From the latest research … we now know that the chance of a fall on a stair with only a 9-1/2-inch deep tread is about four times greater than on a stair with an 11-inch tread depth. … In the U.S. currently, the medical treatment costs alone from individual, stair-related falls is about $10 billion per year. About 90 percent of those falls occur on stairs with tread depths comparable to those at the Joe Louis Arena. Thus, the stairs remain an “invitation to disaster.”
In 1979, the Detroit Fire Marshal, the Director of the Department of Buildings & Safety Engineering, and the architect — the SmithGroup — said the stairs and interior crowd ingress/egress plan met all applicable codes, including the NFPA Life Safety Code and the BOCA Building Code. What was wrong with their approval then, and what would the applicable codes require today?
For one thing, code rules address more than just step steepness. Uniformity of step dimensions has always been an important factor in stair safety and in code requirements. … The interior-aisle stairs of the Joe Louis Arena were both badly designed — with larger deviations designed into the step configurations — and constructed. So, in terms of this crucially important code requirement, addressing the most potent of all stair safety factors — consistent dimensions — the Joe Louis stairs fail badly. [You don’t] even have to measure them to see that they’re unreasonably inconsistent, especially in the middle of the aisles where people are most likely to walk. Such dimensional inconsistencies increase the risk of falls by factors of 10 to 100.
Were you surprised that The News reported in 1990 that 189 lawsuits had been filed at that point against the city and the Red Wings by injured patrons?

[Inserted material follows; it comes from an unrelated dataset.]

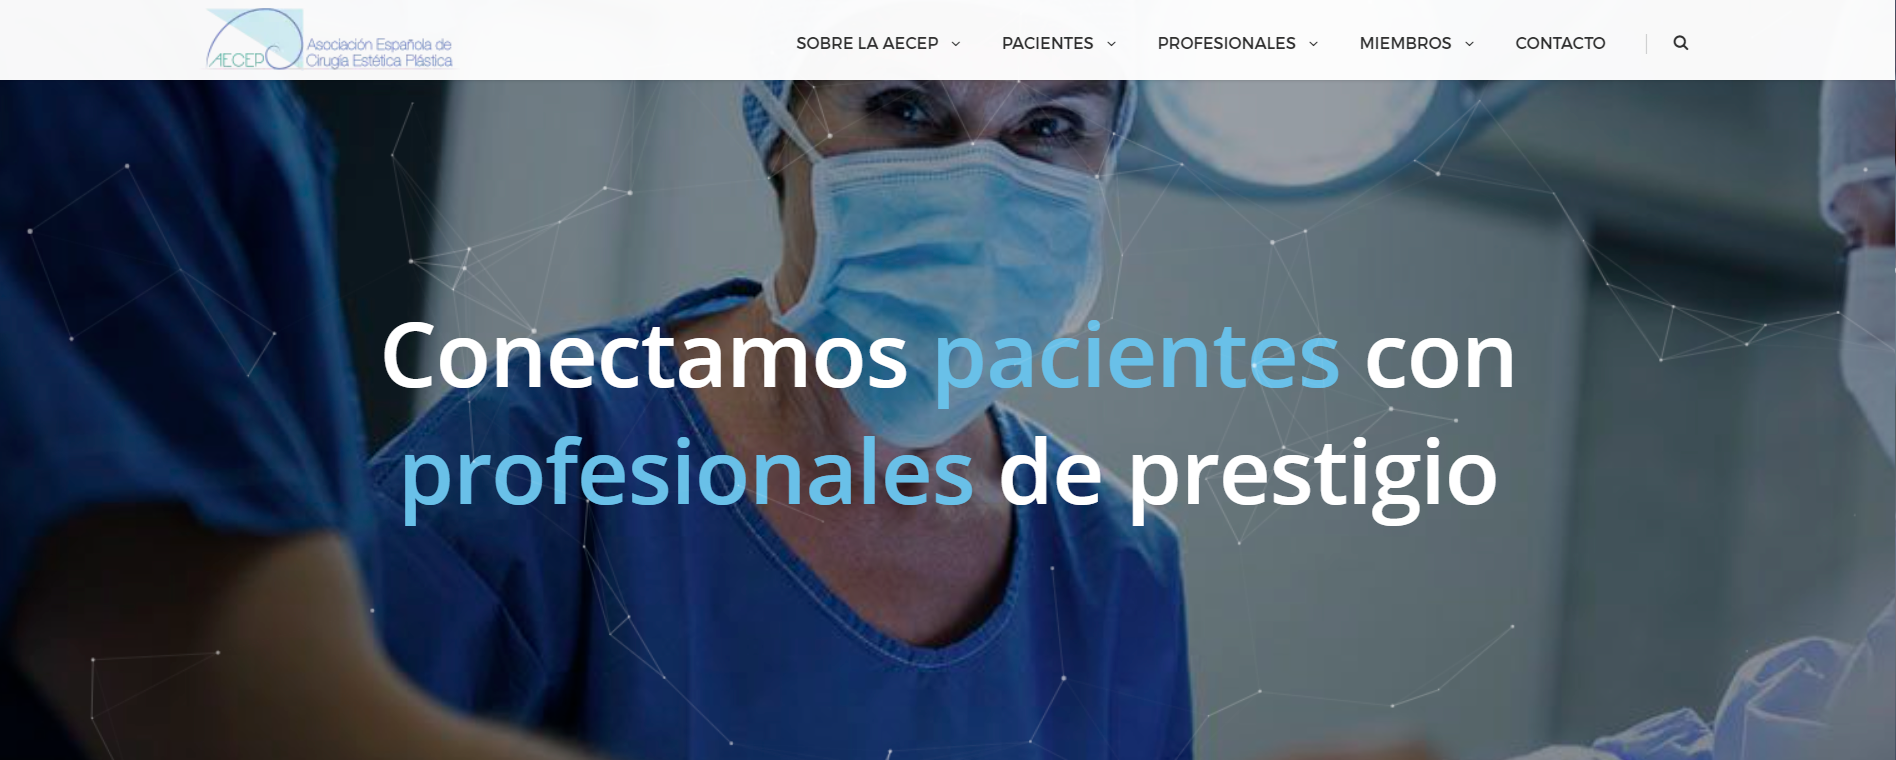 AECEP Joaquim Suñol Cirugia Plastica Estetica

No. The problems of the interior-aisle stairs alone could be responsible for many fall-related injuries to patrons. … I would say the Joe Louis poses about 1 to 100 times more risk of stair-related falls.
[In an emergency evacuation] … underfoot dangers, such as from irregular or undersized stair treads, greatly increase the risk of mass-casualty incidents.

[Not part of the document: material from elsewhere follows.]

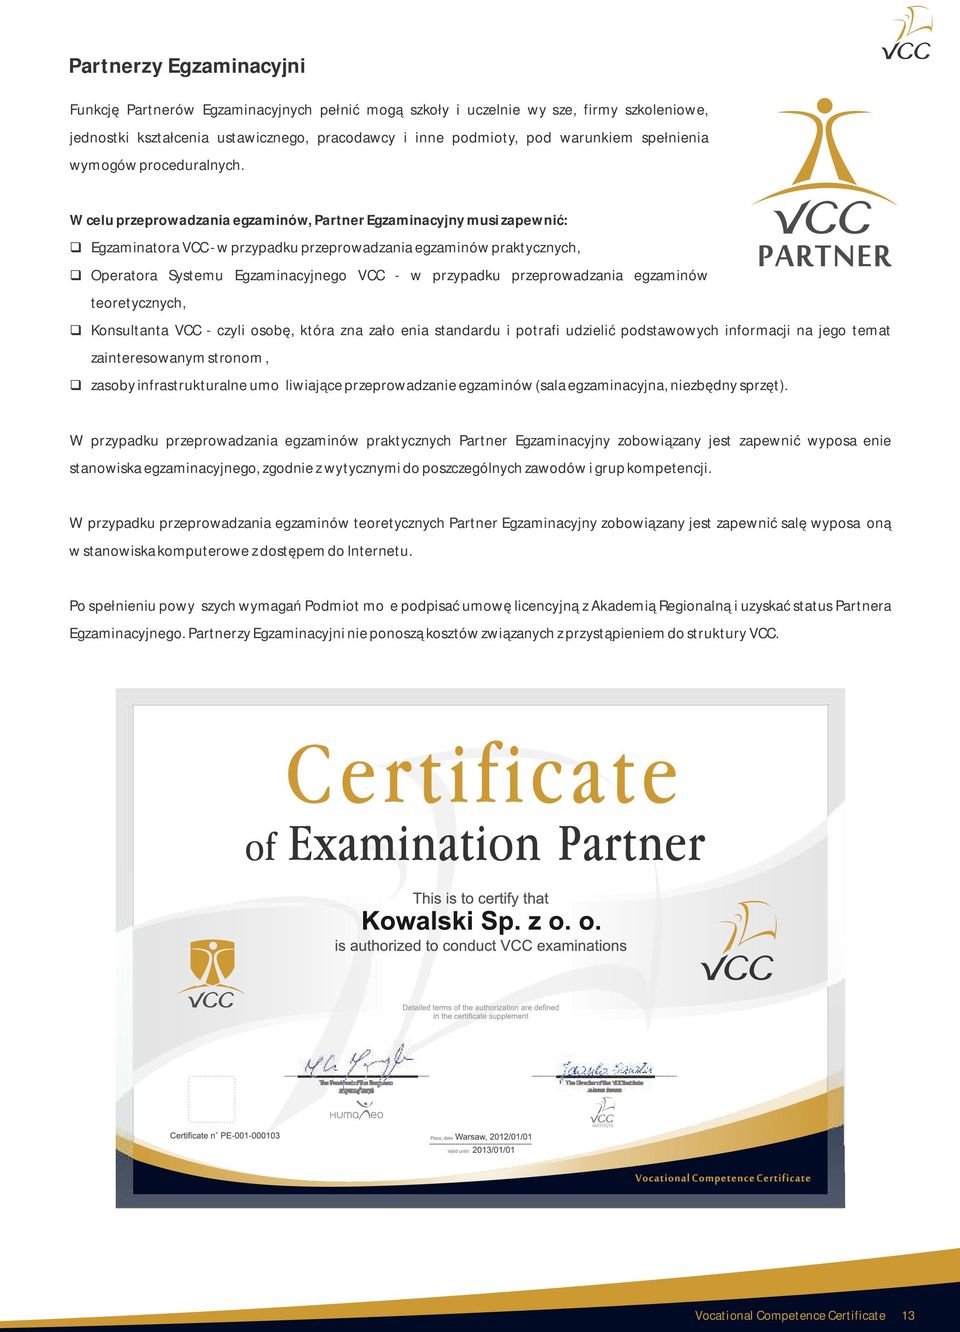 W celu przeprowadzania egzaminów, Partner Egzaminacyjny musi zapewnić: Egzaminatora VCC - w przypadku przeprowadzania egzaminów praktycznych, Operatora Systemu Egzaminacyjnego VCC - w przypadku

There are no inside railings for the vertical stairs and aisles inside Joe Louis Arena. What do codes require today?
In 1978, I headed up a major field study of aisle-stair handrails, installed in the middle of the aisles of a large stadium in Edmonton, [Alberta] Canada. The handrails had breaks every three to five rows to permit people to cross from one side to the other. They worked well and were very heavily used.
During the 1980s, this resulted in all of the U.S. model building codes … adding requirements for installation of such handrails on all aisle stairs of new buildings.
What should be done with the Joe Louis exterior stairs today? If concrete ramps are used, should they be protected from the weather?
I have not seen the outside stairs in many years, so I can’t provide advice as to how extensive the remedial measures should be. In 1990, there was evidence of severe deterioration. Complete redesign might be prudent. As for ramps, they should be protected from the weather [as should be the stairs].
You mentioned the risk level at Joe Louis Arena with 20,000 patrons climbing or using the banks of six exterior stairs for every hockey game. This doesn’t include the millions of visitors who used Joe Louis Arena for other events. What’s the formula for determining an arena’s risk level?
I would add that today — in a post 9/11 era — we have much more to worry about in large facilities for public assembly. Again, I would stress reliance on NFPA standards. [Also], there have been major changes in people’s fitness in recent years that could drastically affect things like stairway safety and egress performance. We should not design for people as they were in the 1970s. They are much more prone now to falls and injuries. They are less able to respond quickly and safely in an emergency evacuation.